=== Begin Enclosure ===

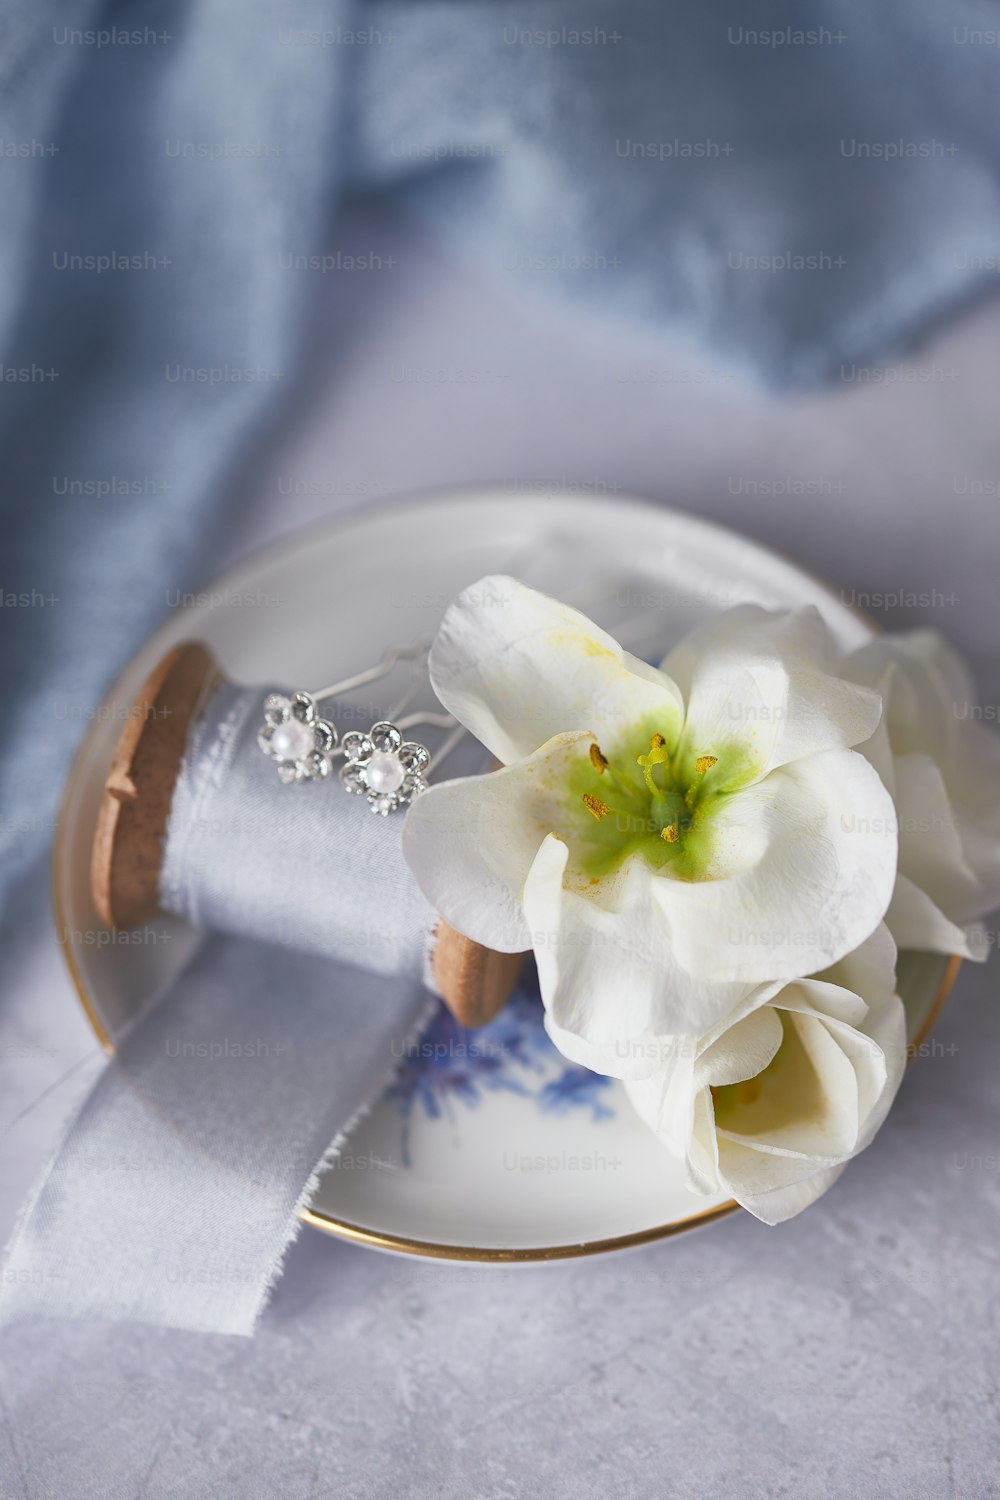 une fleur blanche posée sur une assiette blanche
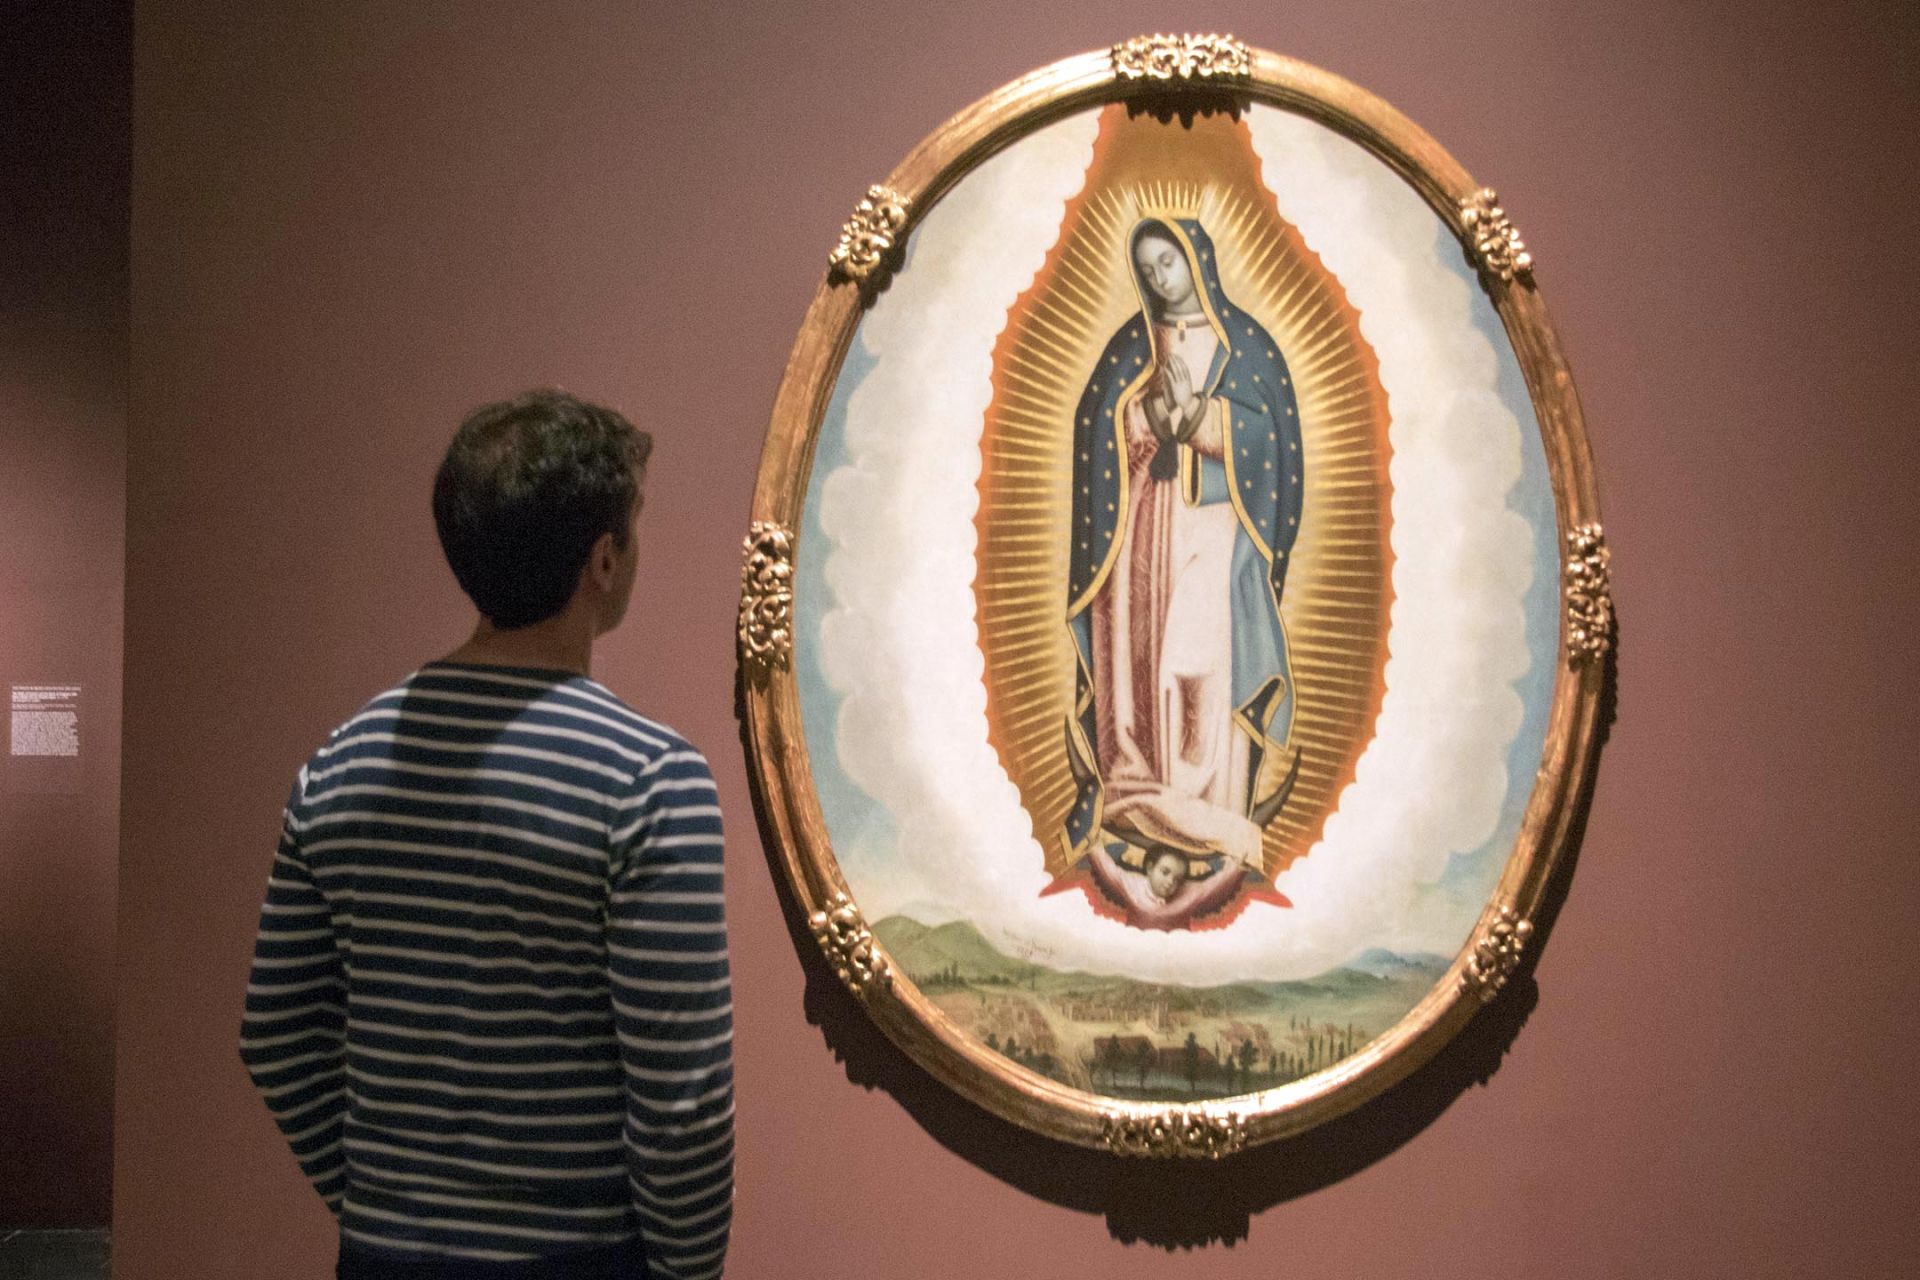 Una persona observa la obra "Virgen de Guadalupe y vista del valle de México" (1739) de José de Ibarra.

=== End Enclosure ===
=== Begin Enclosure ===

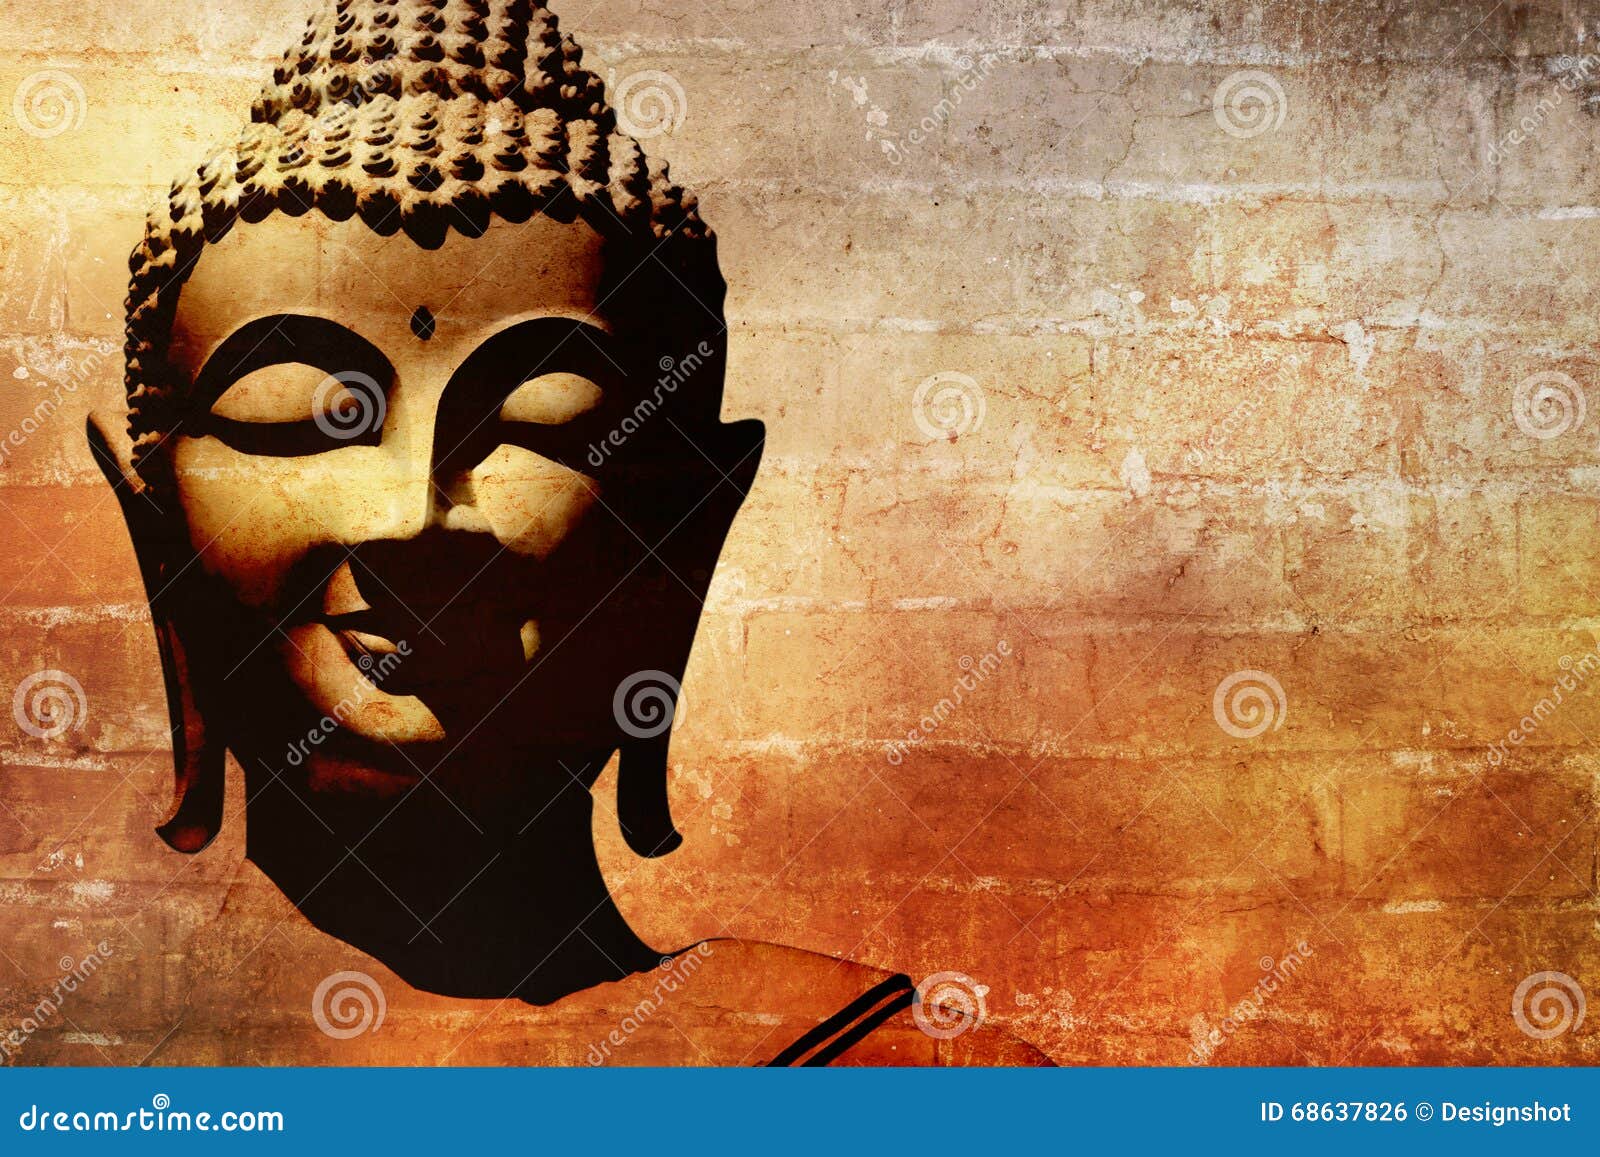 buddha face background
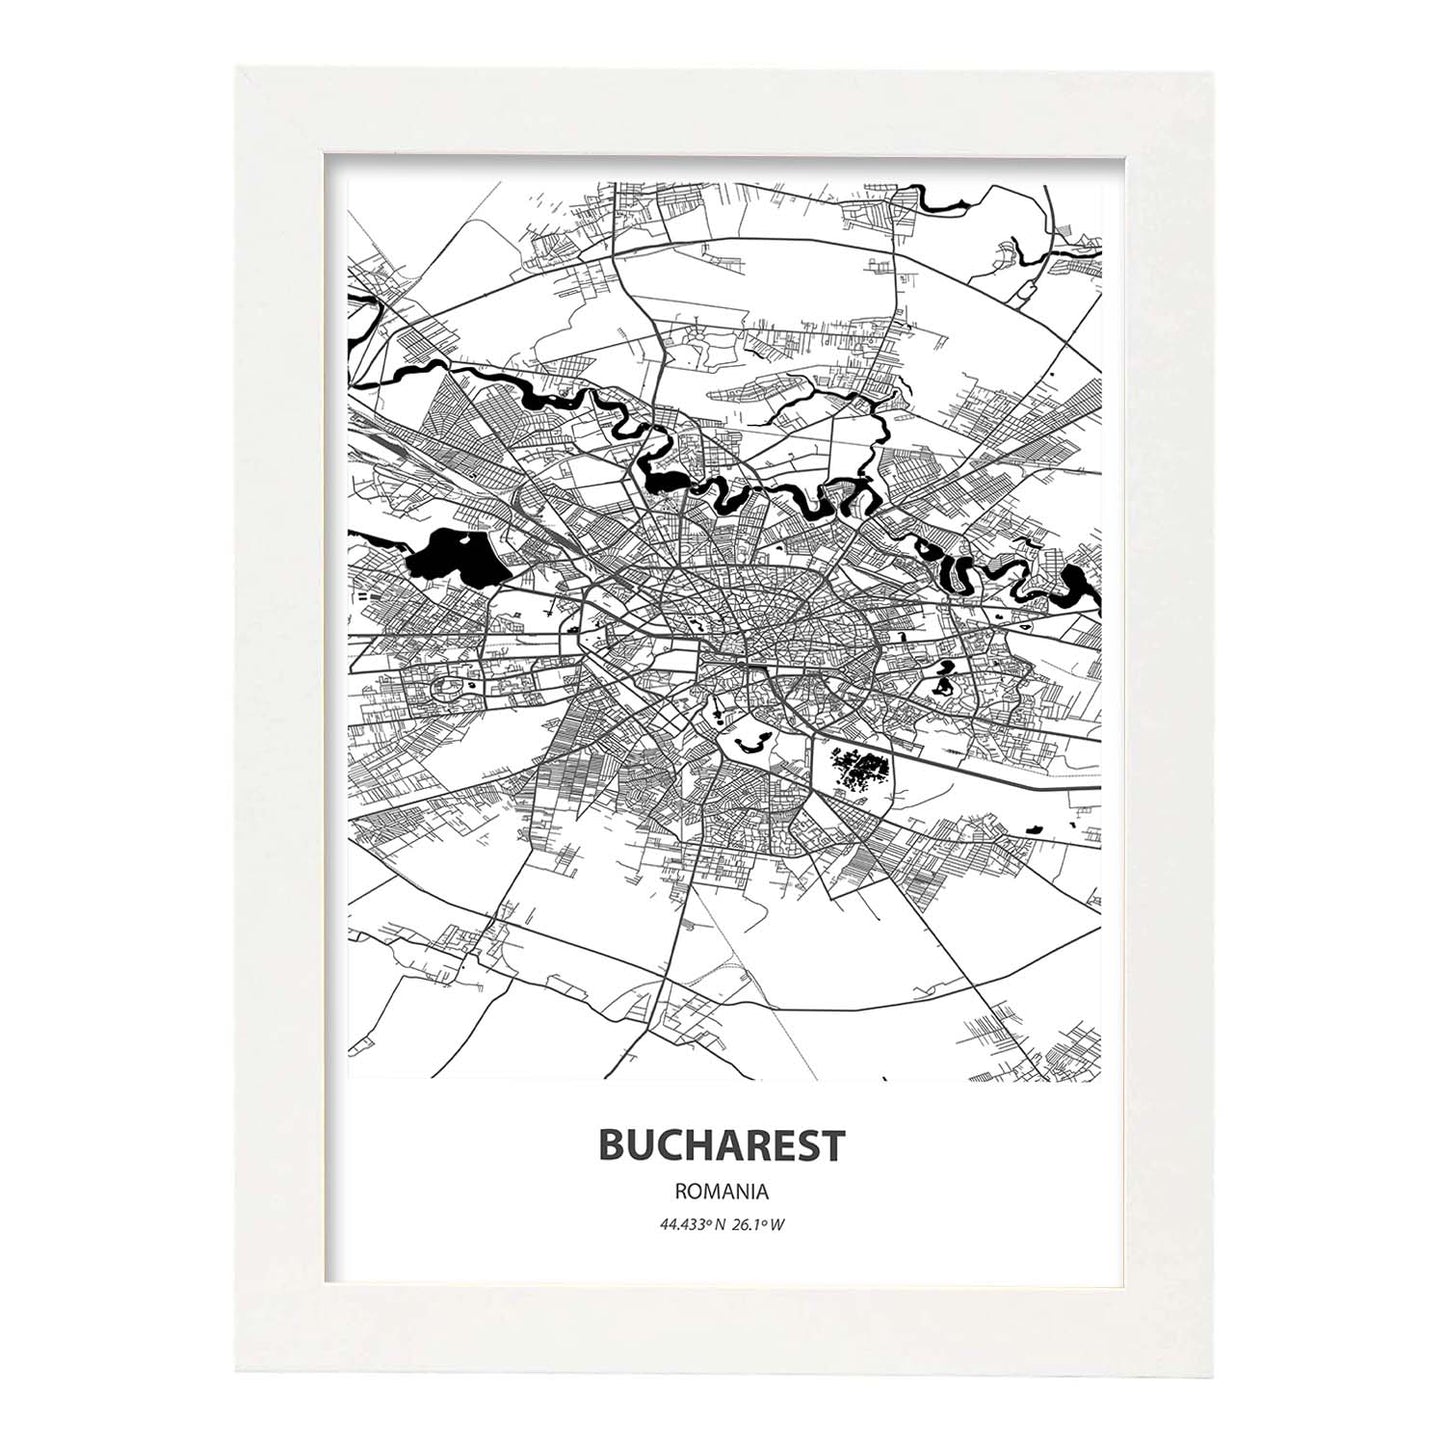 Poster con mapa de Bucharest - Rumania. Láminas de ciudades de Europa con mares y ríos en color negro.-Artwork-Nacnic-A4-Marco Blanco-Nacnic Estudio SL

=== End Enclosure ===

Of the lines above, quote exactly those from the one with "une fleur blanche" through the one with "Una persona observa", ends included; pictures stay out.

 une fleur blanche posée sur une assiette blanche
 Una persona observa la obra "Virgen de Guadalupe y vista del valle de México" (1739) de José de Ibarra.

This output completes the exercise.